I think you are creating more confusion by allowing this. The driver
name from module.alias should be used consistently in its exact
format.
But the name in the modules.alias file *is not* the name of the driver.
It is the name of the module, and the name of the driver may or may not
be the same - that's the entire reason this issue came to light.
And in the end I don't do anything more than what modprobe itself does.
(Well, actually that's not true, since modprobe never has to actually
*use* the drivers that are implemented by the modules that it loads, it
doesn't need to understand that the name of the driver may be different
from the name of the module, and so it doesn't have to look at the link
in /sys/modules/$modulename/drivers/pci:$drivername to get the proper
name that must be written to sysfs to get the driver bound to the
device. It just unilaterally decides that all horizontal lines in a
module name are "_", and so it replaces all "-" with "_")
Really it is modprobe's practice of auto-translating all "-" to
"_",
combined with the inconsistency of naming between module names and
driver names that is causing the confusion; what this patch is doing is
helping to clear up that confusion, not make it worse. Essentially,
whether someone uses the module name or the driver name, libvirt will
get the correct driver bound to the device. (and we do have to allow
both module name and driver name; the former in cases where the module
hasn't been loaded yet and so the driver isn't available, and the latter
in cases where the driver is statically linked into the kernel, as
discussed below).
Log a 'did you mean XYZ" or something if it doesn't work out.

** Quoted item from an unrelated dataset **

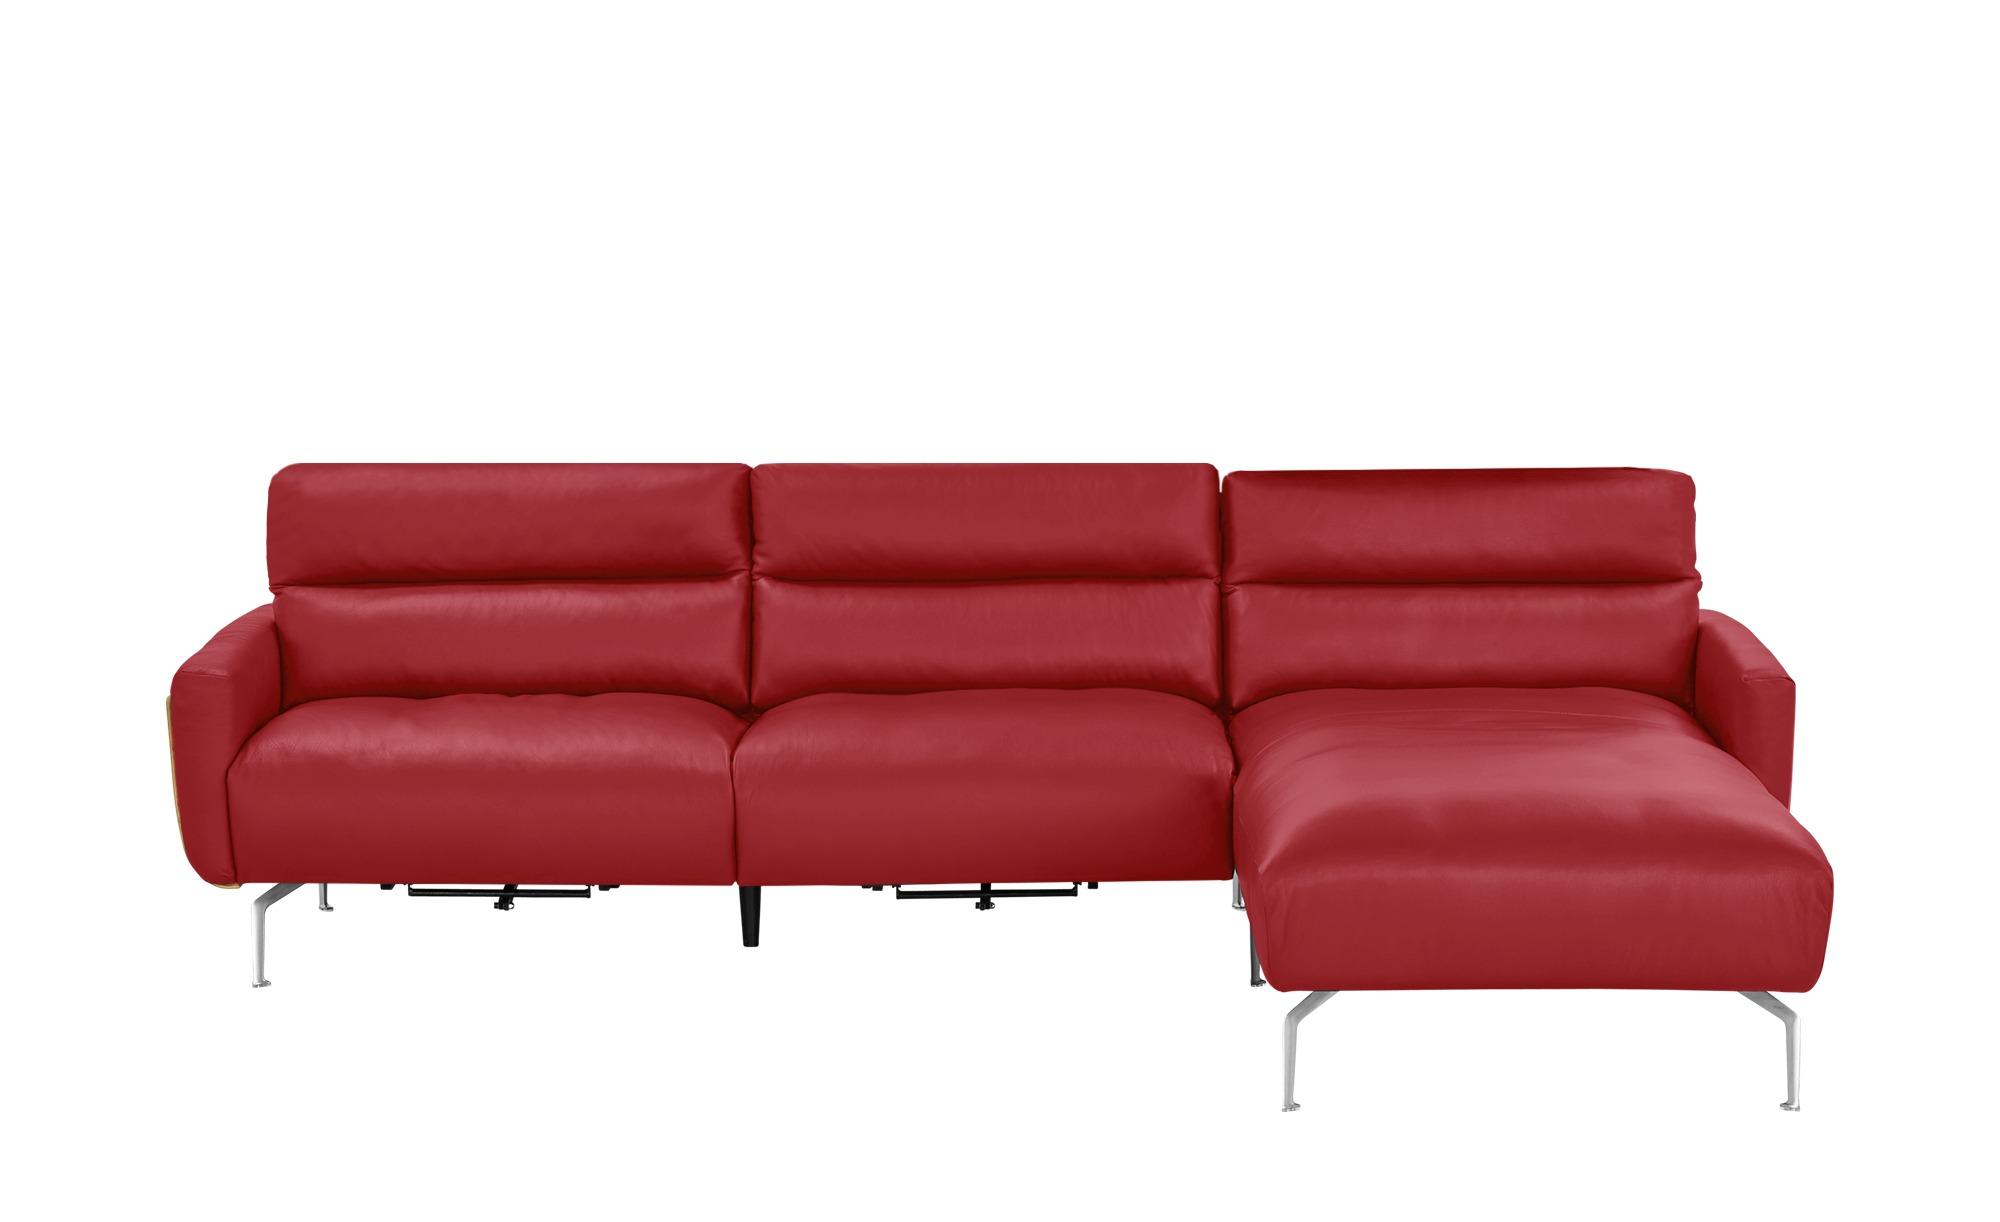 Ecksofa rot - Leder Mads ¦ rot ¦ Maße (cm): H: 90 Polstermöbel > Sofas > Ledersofas - Höffner

Pass the "driver name" directly to modprobe and let it sort it out
In the cases (e.g. vfio_pci/vfio-pci) where the module name and driver
name mismatch only due to -/_, what you say will work as long as the
*driver* name is used (i.e. "vfio-pci"), but if we use the name
discovered from modules.alias ("vfio_pci") then the modprobe will
succeed, but the bind will fail.
And we can't just assume that the driver name will always have "-" in
place of "_" and do an auto-replace in the name prior to binding the
device to the driver, because some drivers (in particular,
mlx5_vfio_pci/mlx5_vfio_pci) *don't* use "-" in the driver name. libvirt
has to do *something* in order to work in both of these cases, and I
think anything less than what I've done would be "half baked" (well,
half *something*, but I'd rather not swear on a public forum :-))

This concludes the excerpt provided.